NASCAR At Pocono: For Missourian Carl Edwards, Running Good Is Not Good Enough

Jun 9, 2012; Long Pond, PA, USA; The cars of Sprint Cup Series driver Greg Biffle (16) and driver Carl Edwards (99) during qualifying for the Pocono 400 at Pocono Raceway. Mandatory Credit: Jerome Miron-US PRESSWIRE

Carl Edwards is starting second and hoping to get some of his luck turned around in the Pocono 400 Sprint Cup race Sunday at Pocono Raceway in Long Pond, Pa.

A year ago at this time, Carl Edwards was leading the Sprint Cup standings, and by a fairly comfortable margin, going into the 14th race of the season at Pocono Raceway. As the Sprint Cup Series gets set for this year's Pocono 400 on Sunday, the runner-up in the 2011 Sprint Cup championship finds himself 96 points back of the leader and in 12th place in the drivers' standings.

What makes it even harder for Edwards to take is that he is the third best on his Roush-Fenway Racing team this season.

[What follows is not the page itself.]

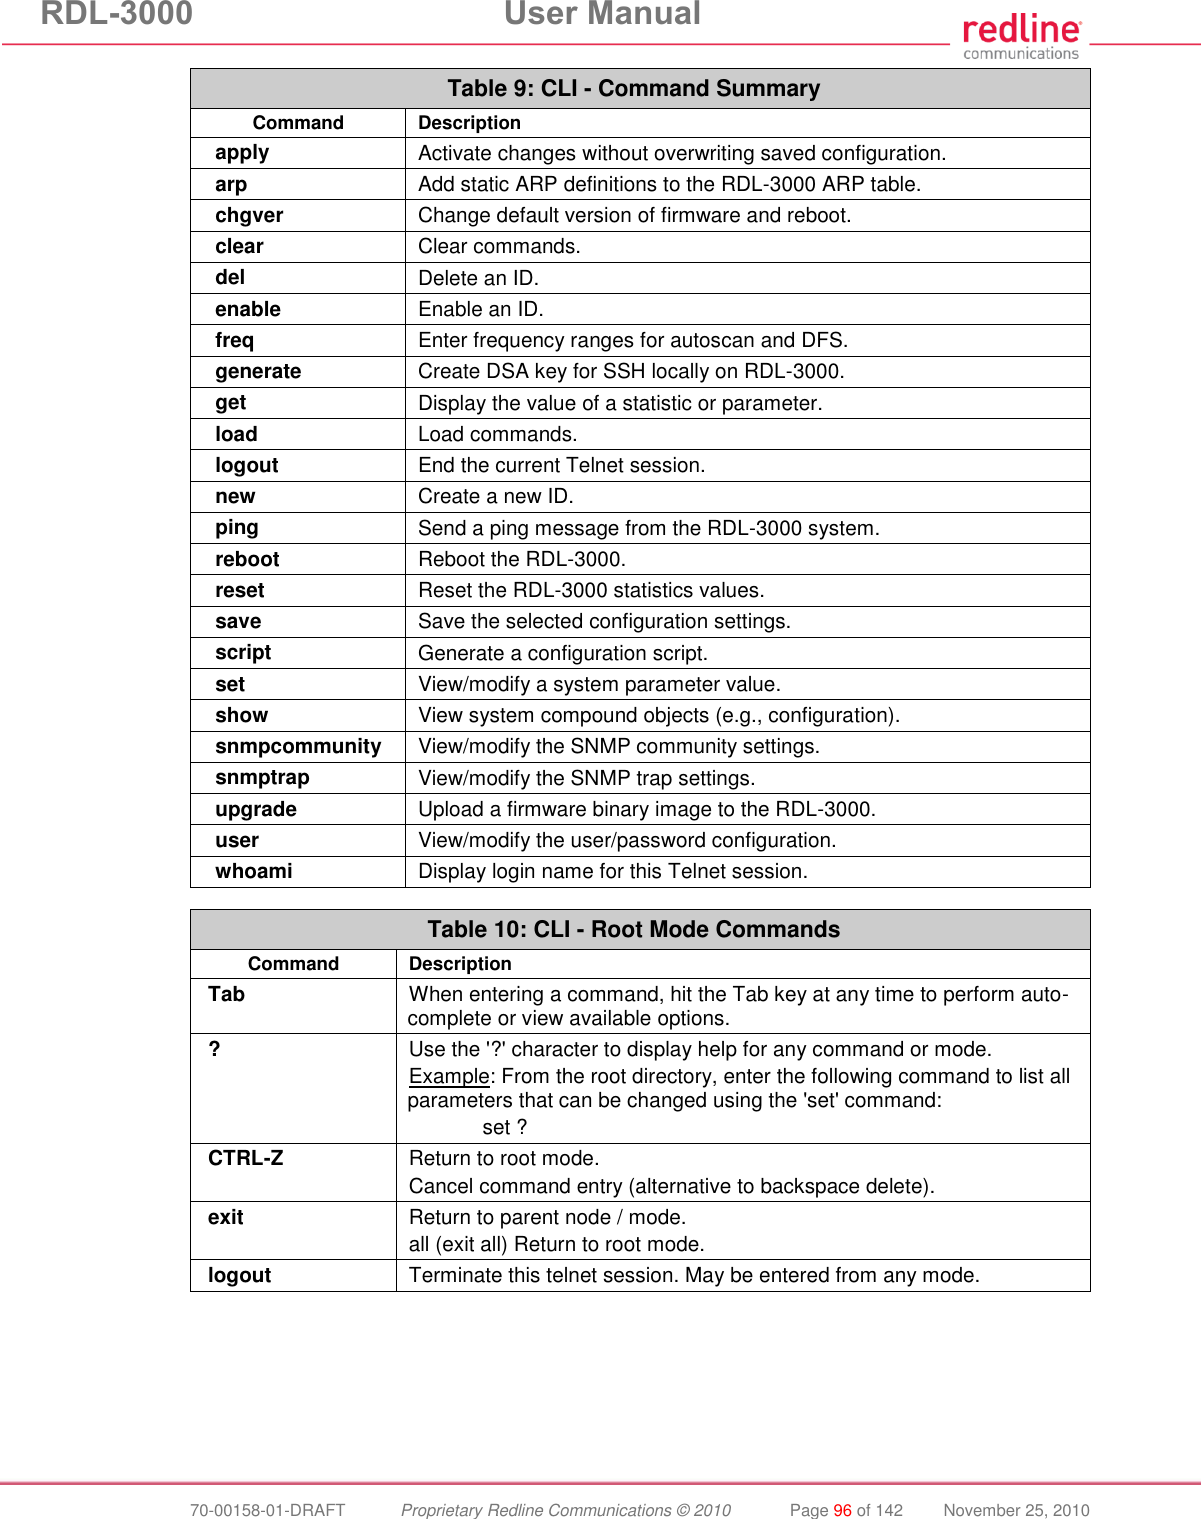 RDL-3000  User Manual  70-00158-01-DRAFT  Proprietary Redline Communications © 2010  Page 96 of 142  November 25, 2010 Table 9: CLI - Command Summary Command Description apply Activate changes without overwriting saved configuration. arp Add static ARP definitions to the RDL-3000 ARP table. chgver Change default version of firmware and reboot. clear Clear commands. del Delete an ID. enable Enable an ID. freq Enter frequency ranges for autoscan and DFS. generate Create DSA key for SSH locally on RDL-3000. get Display the value of a statistic or parameter.  load Load commands. logout End the current Telnet session. new Create a new ID. ping Send a ping message from the RDL-3000 system. reboot Reboot the RDL-3000. reset Reset the RDL-3000 statistics values. save Save the selected configuration settings. script Generate a configuration script. set View/modify a system parameter value. show View system compound objects (e.g., configuration). snmpcommunity View/modify the SNMP community settings. snmptrap View/modify the SNMP trap settings. upgrade Upload a firmware binary image to the RDL-3000. user View/modify the user/password configuration. whoami Display login name for this Telnet session.   Table 10: CLI - Root Mode Commands Command Description Tab When entering a command, hit the Tab key at any time to perform auto-complete or view available options. ? Use the &apos;?&apos; character to display help for any command or mode. Example: From the root directory, enter the following command to list all parameters that can be changed using the &apos;set&apos; command:   set ? CTRL-Z Return to root mode. Cancel command entry (alternative to backspace delete). exit  Return to parent node / mode. all (exit all) Return to root mode. logout Terminate this telnet session. May be entered from any mode.

Teammates Greg Biffle and Matt Kenseth hold down first and second-place, respectively, in the current standings, with only a point separating the two.

If the NASCAR Chase for the Cup championship round started today, Edwards' No, 99 Ford would not be among the top ten automatic qualifiers, and he wouldn't earn a wild card spot either because he has no wins in 2012 to this point. Although they probably would never admit, Edwards and his race team have to be a little concerned, if for no other reason than when 32-year-old Missouri native, from Columbia, Mo. finished second in the 2008 Sprint Cup championship, he failed to qualify for the Chase the following year and did not win a race the entire season.

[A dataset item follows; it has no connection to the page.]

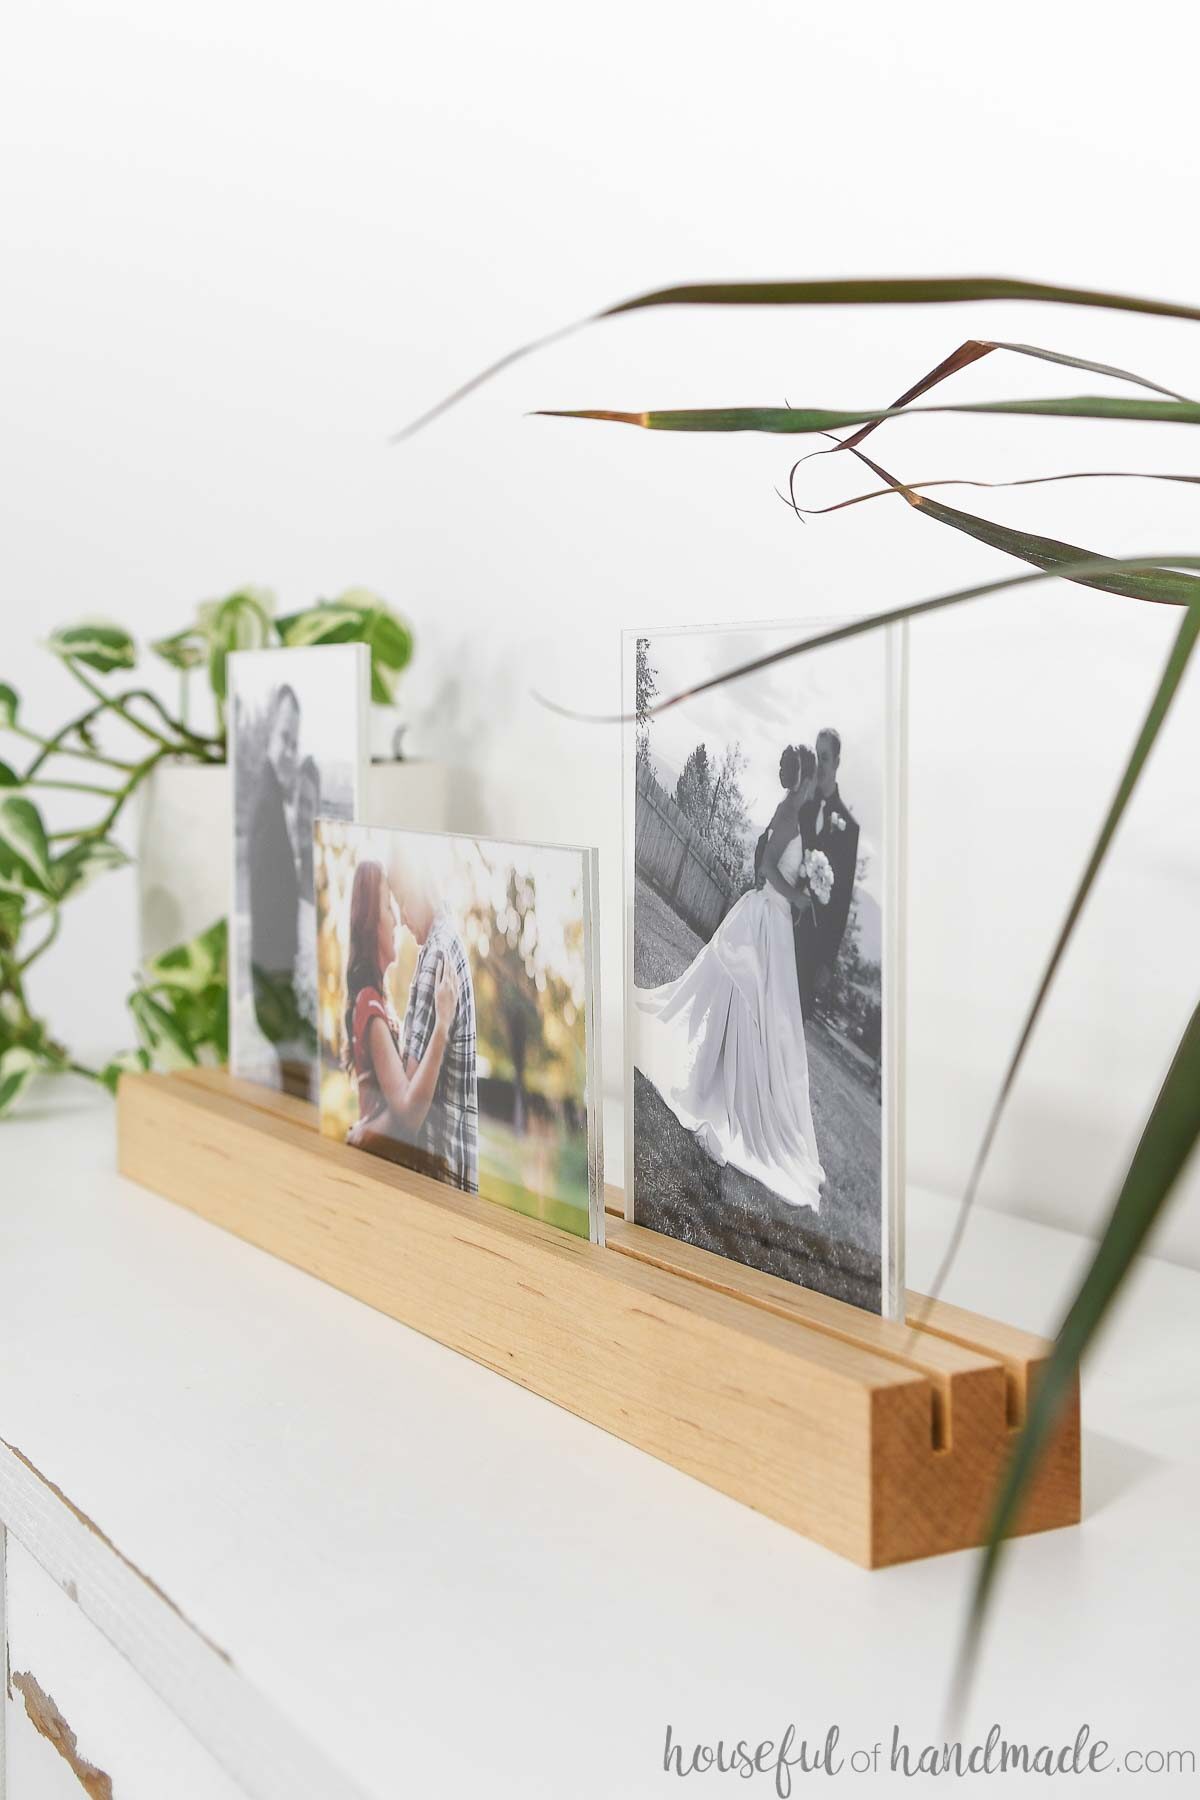 Artistic view of the picture frame holding 3 different photos in two rows.

It has been 46 races since Edwards last won a Sprint Cup race (Las Vegas, the third race in 2011), and with nothing better than two fifth-place finishes so far this season, you can see the frustration mounting on the driver himself as well as the Edwards race crew.

"It's tough," Edwards said this week. "There's a lot on the line, and it's so competitive right now. If you look at our 99 team and our situation, our teammates (Biffle and Kenseth) are leading, one and two. We're outside of the Chase right now, and it's not because we haven't run as well as those guys. Luck (or the lack thereof) has been a big factor, but we haven't been able to pull it together.

"We have to run well, so the pressure is on," which is the way Edwards says he likes it. But if the No. 99 car doesn't start running better and if Edwards has some more bad races, it could get a lot uglier before it gets better.

Perhaps this is the week the native Missourian's luck begins to turn around. He will start second in Sunday's Cup race at Pocono, the second time he has done so this season. The other time was a little over a month ago at Richmond International Raceway in the Capital City 400. The No. 99 car finished 10th in that race. Edwards was on the pole for the season-opening race at Daytona, where he finished eighth.

"I feel like I'm up here making excuses," Edwards said in a press briefing at Pocono earlier in the week, "but the reality is we had the (cut) tire at Dover, the fuel at Phoenix, the wreck at Talladega and the wreck at Bristol. That's a lot of points. Hopefully, we can kind of use all that bad luck and still make the Chase and turn it around.

"If I felt there was a hangover from last year, or we were down and out because we didn't win, I'd tell you guys that we have to get our game faces on. But we really are, I think, doing a good job," he said. "It's just plain bad luck. At the same time, we still have to run better, but I don't feel it's because of last year."

If ever there was a better track to start getting some of that good luck going Edwards' way, Pocono would be the place. Edwards has two wins and five top fives at Pocono Raceway in 14 starts in the Eastern Pennsylvania mountains. But then there was also last year, when Edwards started sixth at this race track, and at the end of the day found himself in 37th place. But that was last year, and Edwards has already said he's not thinking about what happened last season.

So while there may be a sense of urgency in the No. 99 car's garage, that should not be confused with a state of panic.

"There's not any reason for panic," said Roush-Fenway owner Jack Roush. "We made some minor personnel changes that I'm very happy with over the winter. It doens't surprise me that we are where we are with the 99. But it is unusual, and I'm sure it will rectify itself (before the season is over)," he said.